Re: [PATCH v4 1/9] netlink: add function to extract MAC addresses from NDP/ARP table

On Tue, Aug 19, 2025 at 11:09:57PM -0400, Jon Maloy wrote:

The solution to bug https://bugs.passt.top/show_bug.cgi?id=120 requires the ability to translate from an IP address to its corresponding MAC address in cases where those are present in the ARP/NDP table.

We add this feature here.

Signed-off-by: Jon Maloy --- netlink.c | 79 +++++++++++++++++++++++++++++++++++++++++++++++++++++++ netlink.h | 2 ++ 2 files changed, 81 insertions(+)
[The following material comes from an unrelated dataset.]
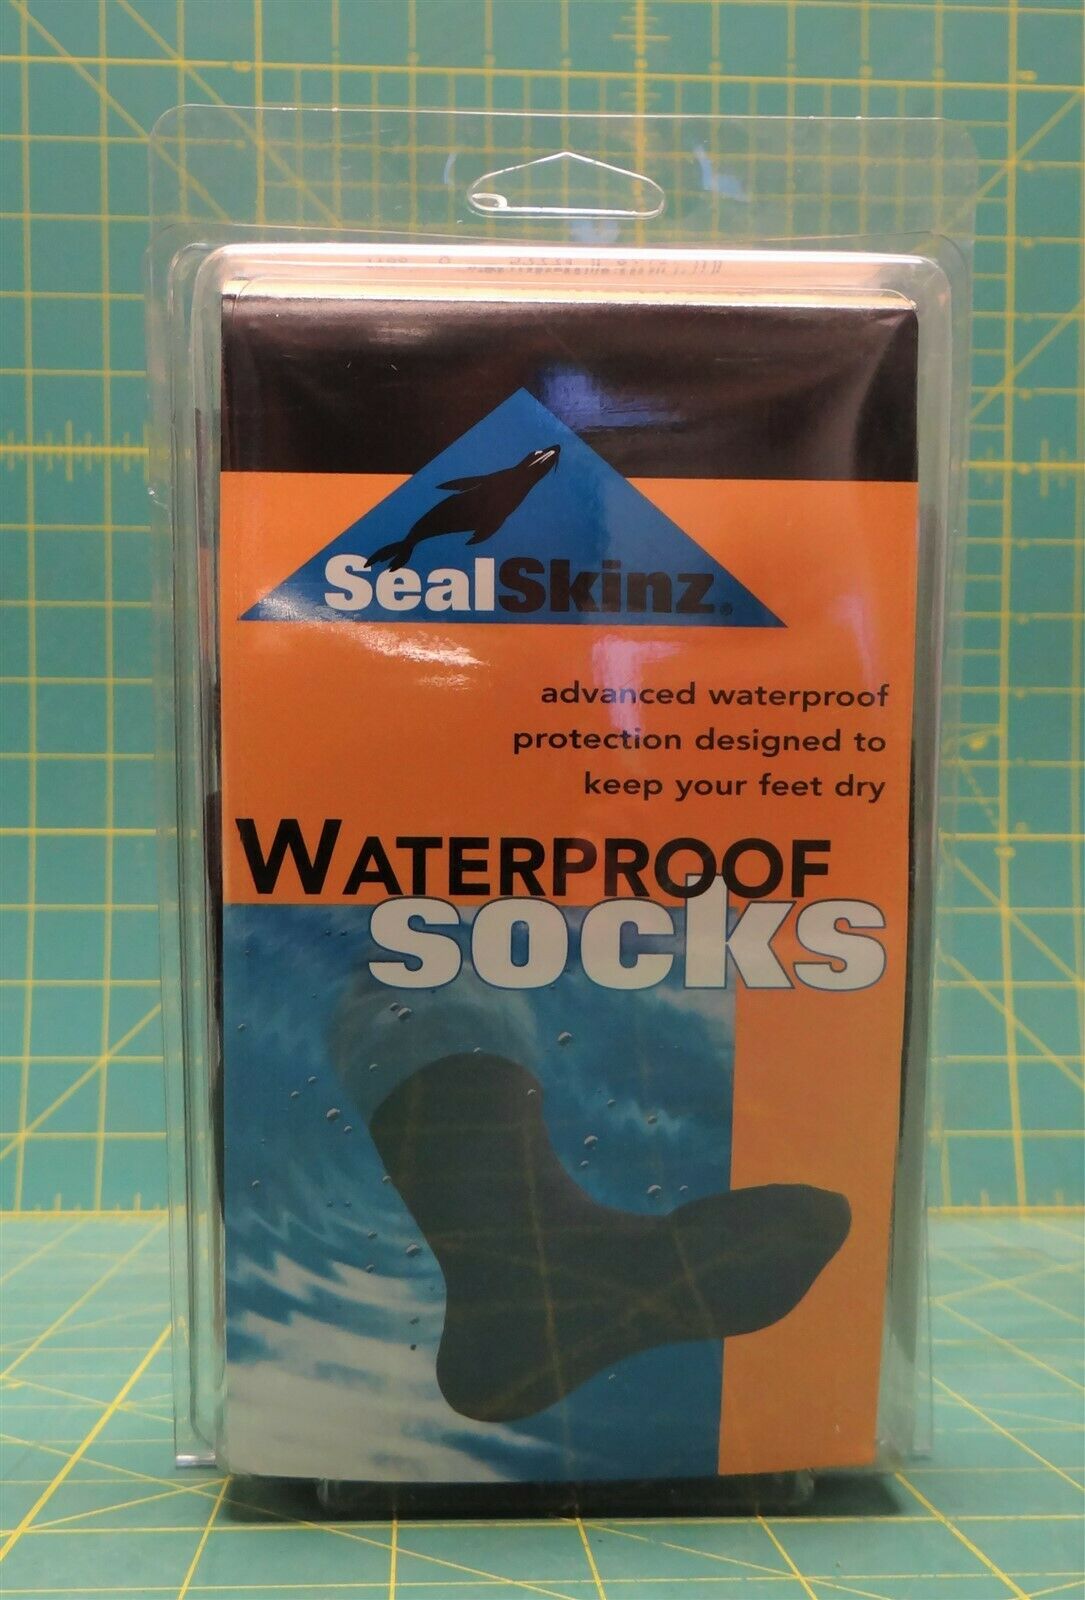 Sealskinz Waterproof 15" Over The Calf Socks, Size Small, Men's 5-6, Women's 6-7
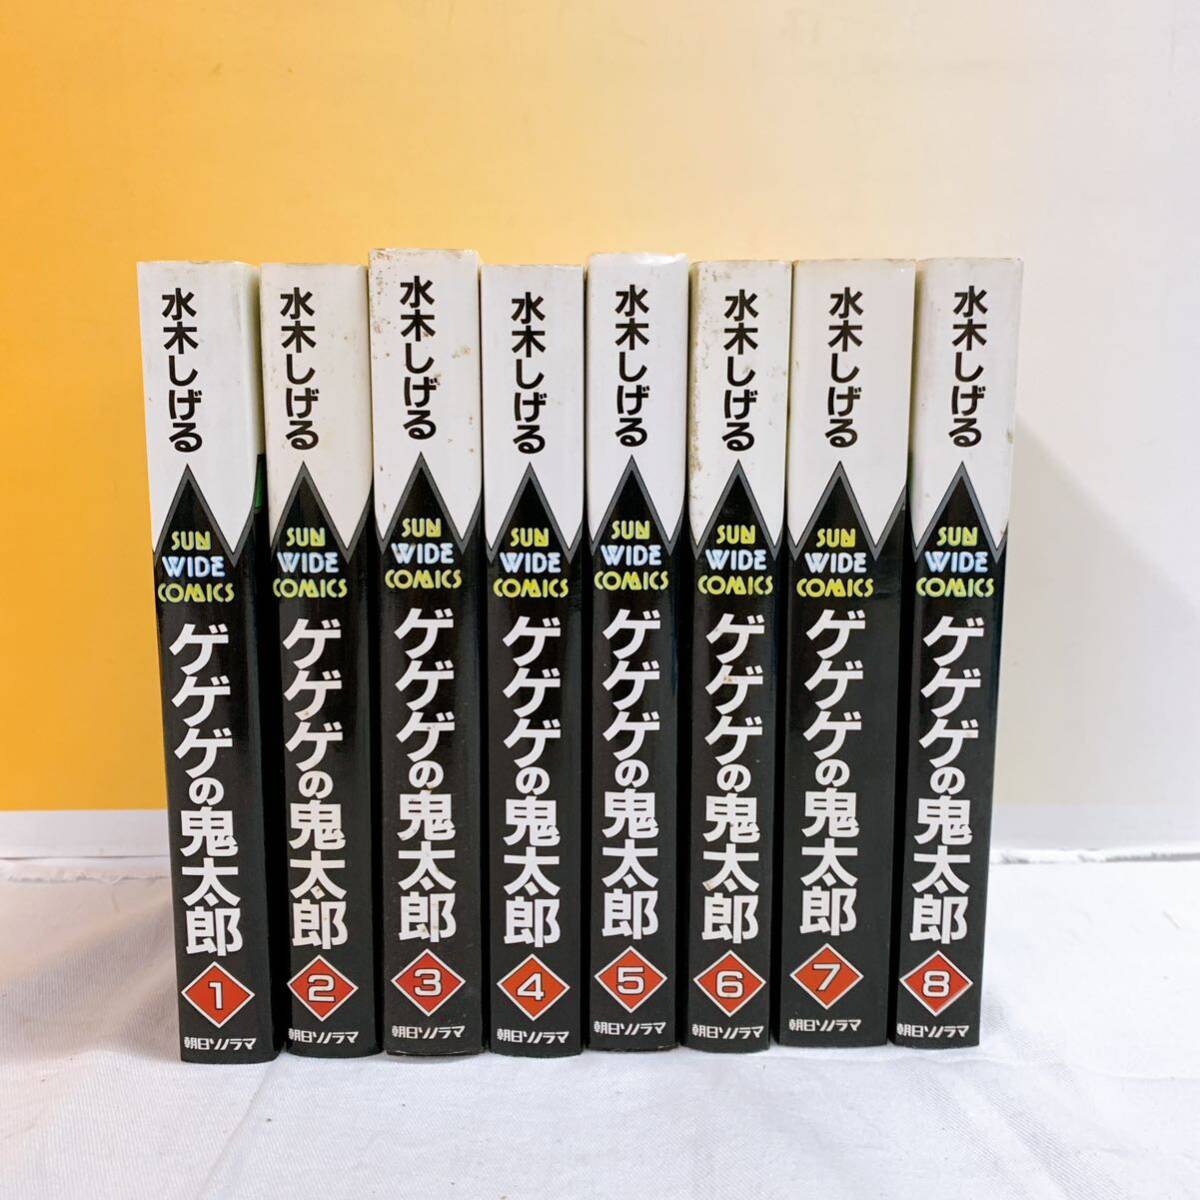 R5-K5/2 GeGeGe no Kintaro all 8 volume water tree ... manga manga wide comics

diff --git a/netlink.c b/netlink.c index 8f82e73..cf7debc 100644 --- a/netlink.c +++ b/netlink.c @@ -800,6 +800,85 @@ int nl_addr_get(int s, unsigned int ifi, sa_family_t af, return status; }

+/** + * nl_neigh_mac_get() - Get neighbor MAC address from the kernel neigh table + * @s: Netlink socket fd + * @addr: IPv4 or IPv6 address + * @ifi: Interface index + * @mac: Buffer for Ethernet MAC, left unchanged if not found/usable + * + * Return: <0 on netlink error; 0 otherwise (drains all replies for @seq). + */ +int nl_neigh_mac_get(int s, const union inany_addr *addr, + int ifi, unsigned char *mac) +{ + const void *ip = inany_v4(addr); + struct req_t { + struct nlmsghdr nlh; + struct ndmsg ndm; + struct rtattr rta; + char ip[RTA_ALIGN(sizeof(struct in6_addr))]; + } req; + struct nlmsghdr *nh; + char buf[NLBUFSIZ]; + ssize_t status; + uint32_t seq; + int msglen; + int iplen; + + memset(&req, 0, sizeof(req)); + req.ndm.ndm_ifindex = ifi; + req.rta.rta_type = NDA_DST; + + if (ip) { + req.ndm.ndm_family = AF_INET; + iplen = sizeof(struct in_addr); + } else { + req.ndm.ndm_family = AF_INET6; + ip = &addr; + iplen = sizeof(struct in6_addr); + } + + req.rta.rta_len = RTA_LENGTH(iplen); + memcpy(RTA_DATA(&req.rta), ip, iplen); + msglen = NLMSG_ALIGN(sizeof(req.nlh) + sizeof(req.ndm) + RTA_LENGTH(iplen)); + seq = nl_send(s, &req, RTM_GETNEIGH, 0, msglen); + + /* Drain all RTM_NEWNEIGH replies for this seq */ + nl_foreach_oftype(nh, status, s, buf, seq, RTM_NEWNEIGH) { + struct ndmsg *ndm = NLMSG_DATA(nh); + struct rtattr *rta = (struct rtattr *)(ndm + 1); + const uint8_t *lladdr = NULL; + size_t na = RTM_PAYLOAD(nh); + const void *dst = NULL; + size_t lladdr_len = 0; + size_t dstlen = 0; + + for (; RTA_OK(rta, na); rta = RTA_NEXT(rta, na)) { + switch (rta->rta_type) { + case NDA_DST: + dst = RTA_DATA(rta); + dstlen = RTA_PAYLOAD(rta); + break; + case NDA_LLADDR: + lladdr = RTA_DATA(rta); + lladdr_len = RTA_PAYLOAD(rta); + break; + default: + break; + } + } + + if (dst && dstlen == (size_t)iplen && memcmp(dst, ip, iplen) == 0) { + /* Only copy Ethernet-style addresses; leave unchanged otherwise */ + if (lladdr && lladdr_len == ETH_ALEN)

You need to return an error code in the case that the MAC is missing or doesn't have the required form; otherwise you'll silently return garbage in @mac.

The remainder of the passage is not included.